Mais en 1834, le peintre Monvoisin avait-il les éléments pour faire un portrait ressemblant ?



Un autre tableau, plus ancien, montre Poton, gouverneur du Château Trompette à Bordeaux à la fin de sa vie.



Le Château Trompette (ou Tropeyte) a été construit par Charles VII, après la réunion de la Guyenne à la couronne, pour surveiller Bordeaux dont les sentiments anglophiles l’inquiétaient encore. Il a été démoli lors des travaux de fortification de Vauban.



A son emplacement, a été aménagée la place des Quinconces actuelle.



Xaintrailles est mort le 7 octobre 1461 et il est enterré dans l’église des Cordeliers à Nérac.





J. de  La Ville Baugé.



(1)   Superbe ensemble monumental dans l’agglomération de Xaintrailles et toujours propriété privée de nos jours.

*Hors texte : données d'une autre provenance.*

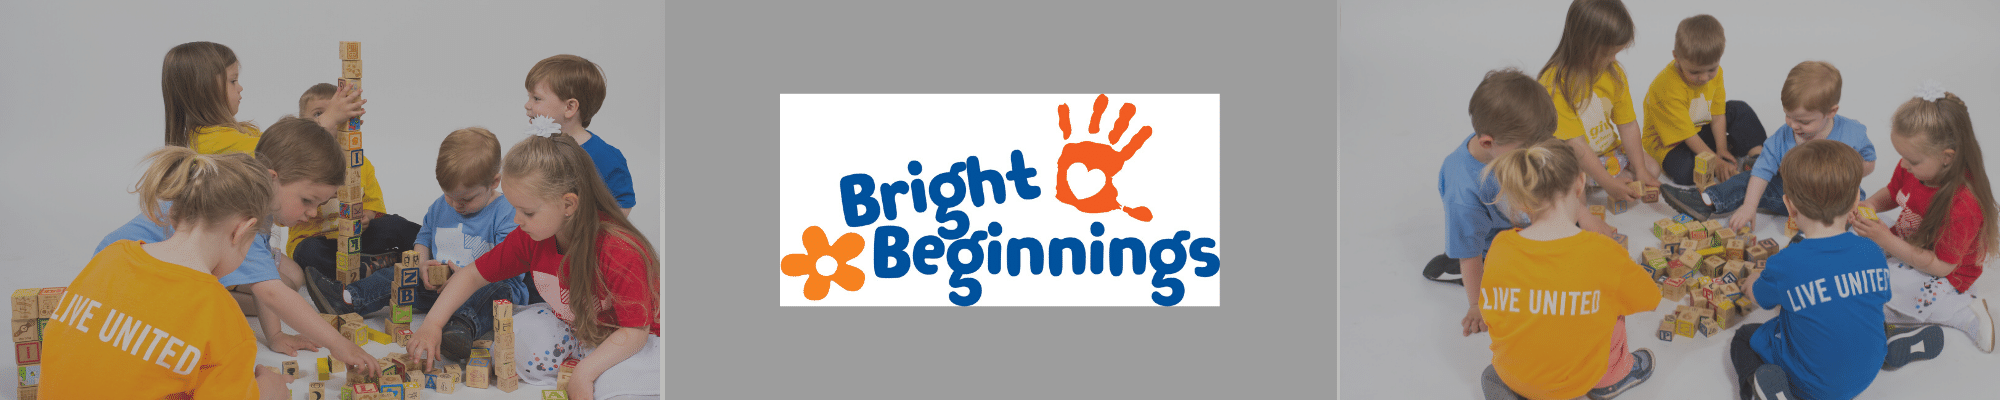 bright beginnings logo

Xaintrailles est à 30 km à l’Ouest d’Agen et à 15 km au Nord-Ouest de Lavardac, son chef-lieu de canton.





Sources :

-         Henri Wallon – Jeanne d’Arc – Arnaud de Vesgre – 1998

-         Marius Sepet – Jeanne d’Arc – Jean de Bonnot – 2002

-         Colonel de Liocourt – La Mission de Jeanne d’Arc – Tome II – Nouvelles Editions Latines 1974

-         R. Pernoud et M.V. Clin – Jeanne d’Arc – Fayard 1996

-         Jean-Claude Colrat – Les Compagnons d’Armes de Jehanne la Pucelle et du Siège d’Orléans – Le Briquet (Amicale des Collectionneurs de figurines historiques du centre Loire) 2, cloître Saint Pierre le Puellier 45000 Orléans.

http://perso.wanadoo.fr/jeanclaude.colrat/plus.htm

-         Maie-Paule Renaud – Jeanne d’Arc à Melun et en Seine-et-Marne – imprimé par La Main SAS Melun – 2002

-         Pierre Eberhart – Le pays de Lagny – Pays de Seine et Marne – Presses du Village C. de Bartillat

-         N.N. Bouillet – Dictionnaire Universel d’Histoire et de Géographie – Hachette – 1871

-         Revue des Amis des Côtes de Buzet – n° 8 – Printemps 1967 – article de Maurice Luxembourg – Agrégé d’histoire – secrétaire perpétuel de l’Académie d’Agen.